Nach der Absage eines Vortrags des Polizeigewerkschafters Rainer Wendt und der Diskussion darüber hat nun die Uni-Präsidentin Brigitta Wolff reagiert. Sie lädt zu einer Diskussionsrunde über Meinungsfreiheit ein.
Birgitta Wolff ist Präsidentin der Uni Frankfurt. Foto: Jens Wolf/Archiv Birgitta Wolff ist Präsidentin der Uni Frankfurt. Foto: Jens Wolf/Archiv
Frankfurt. 

Die Präsidentin der Goethe-Universität Birgitta Wolff will über Meinungsfreiheit auf dem Campus diskutieren.

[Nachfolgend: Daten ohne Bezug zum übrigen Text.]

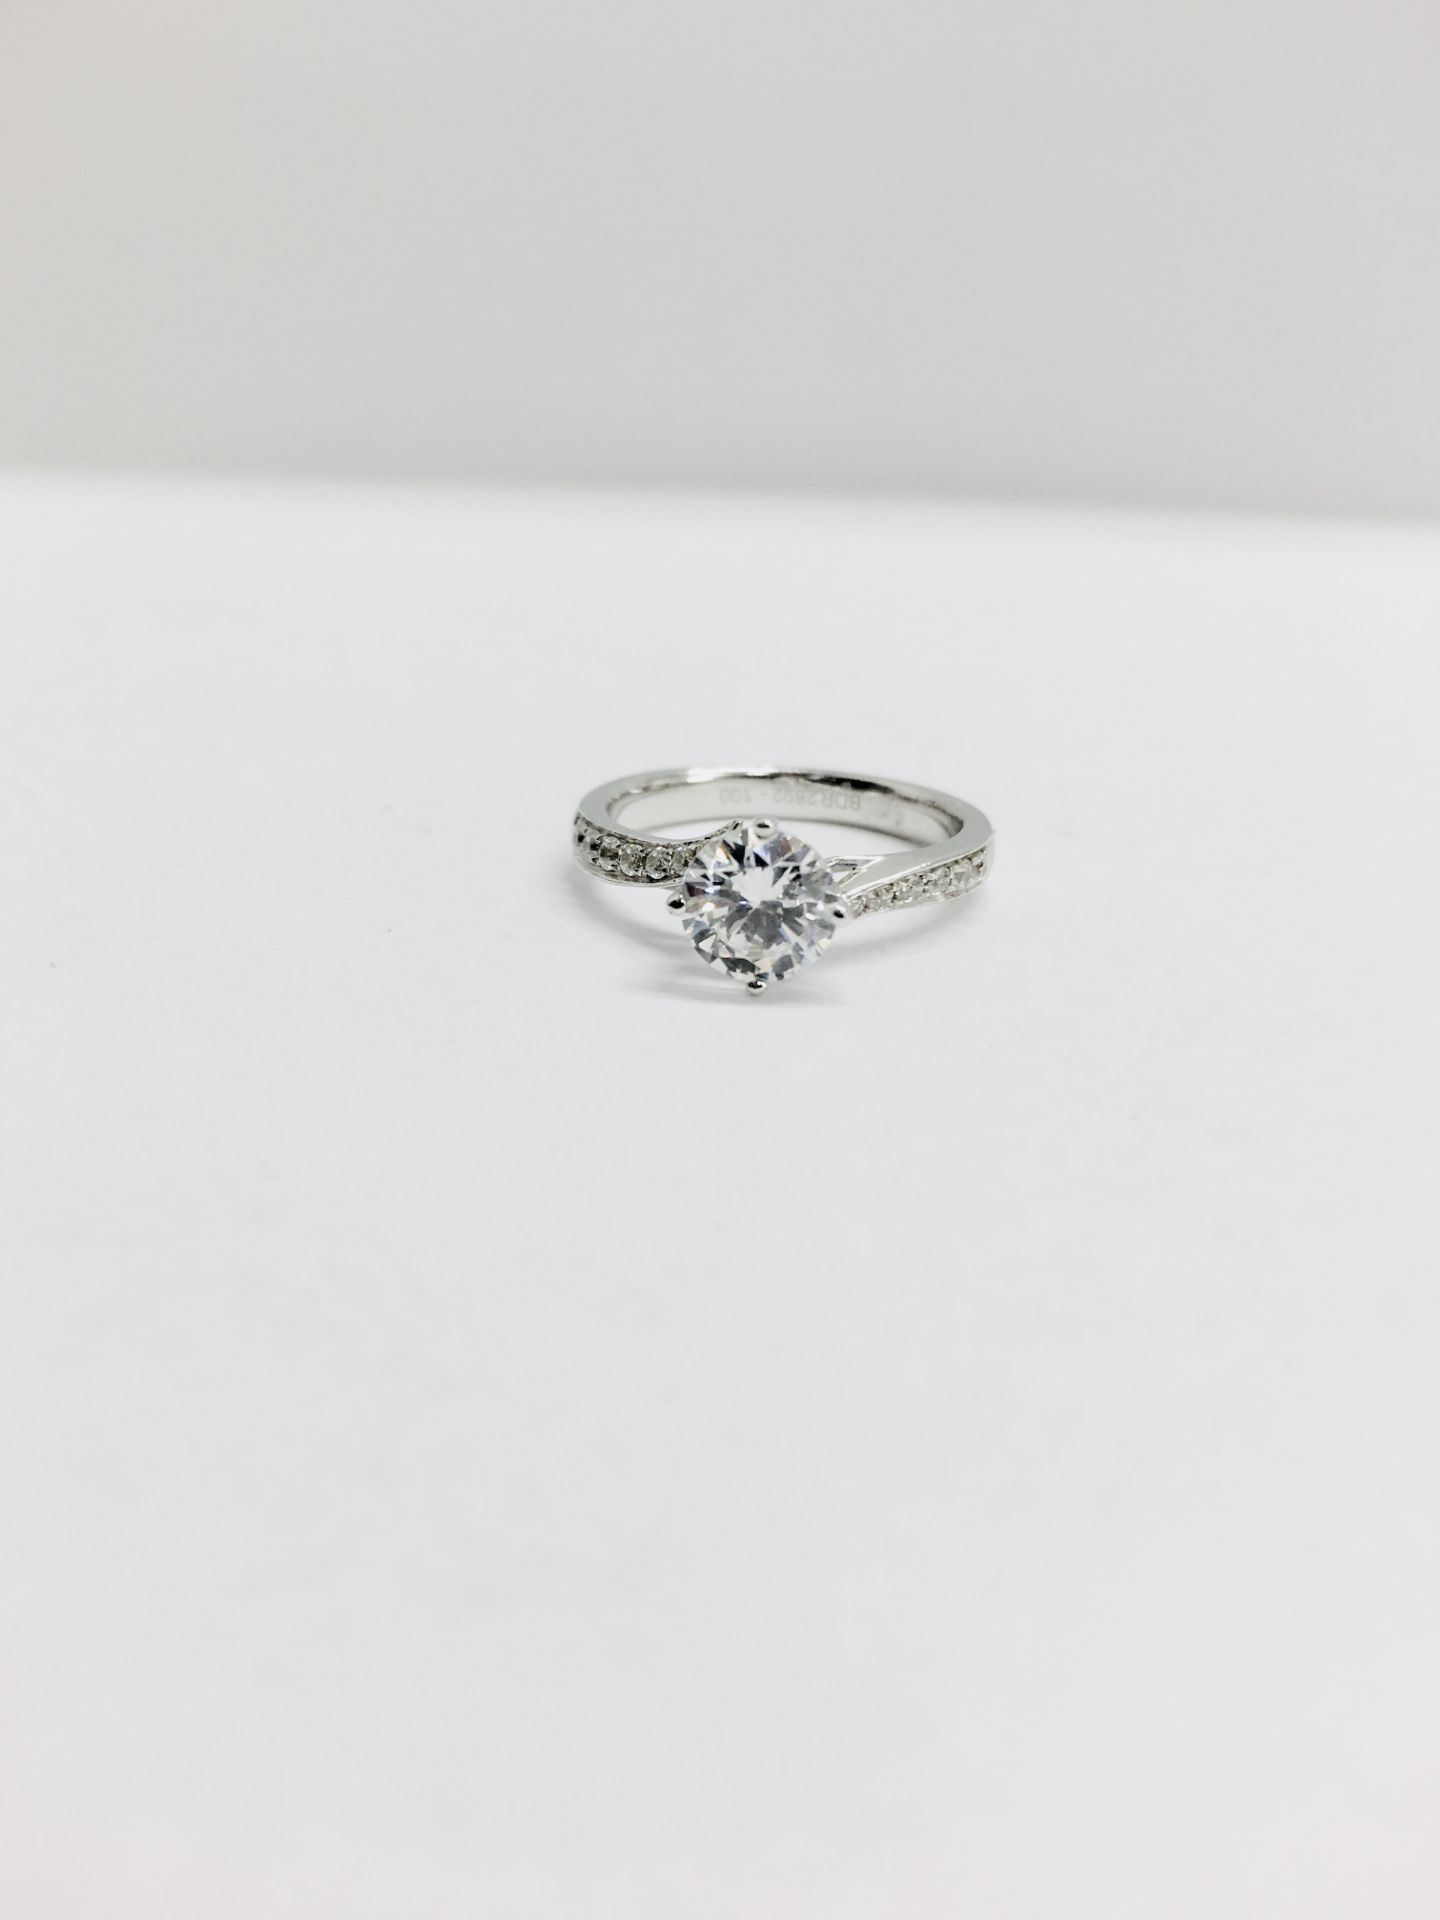 Platinum diamond solitaire ring ,0.50ct vvs1 clarity F colour natural brilliant cut diamond,3.

Mit einer öffentlichen Gesprächsrunde reagiert sie auf Kritik an der Absage eines Vortrags des Polizeigewerkschafters Rainer Wendt (wir berichteten). Die Veranstaltung soll am 19. Januar stattfinden. Der Titel lautet: „Diskurskultur im Zwielicht – Wie viel Meinungsfreiheit verträgt die Uni?“ Neben Wolff sollen der Philosoph Rainer Forst, die Ethnologin Susanne Schröter sowie ein Vertreter der insgesamt 60 Unterzeichner eines offenen Briefs gegen den Vortrag von Rainer Wendt teilnehmen.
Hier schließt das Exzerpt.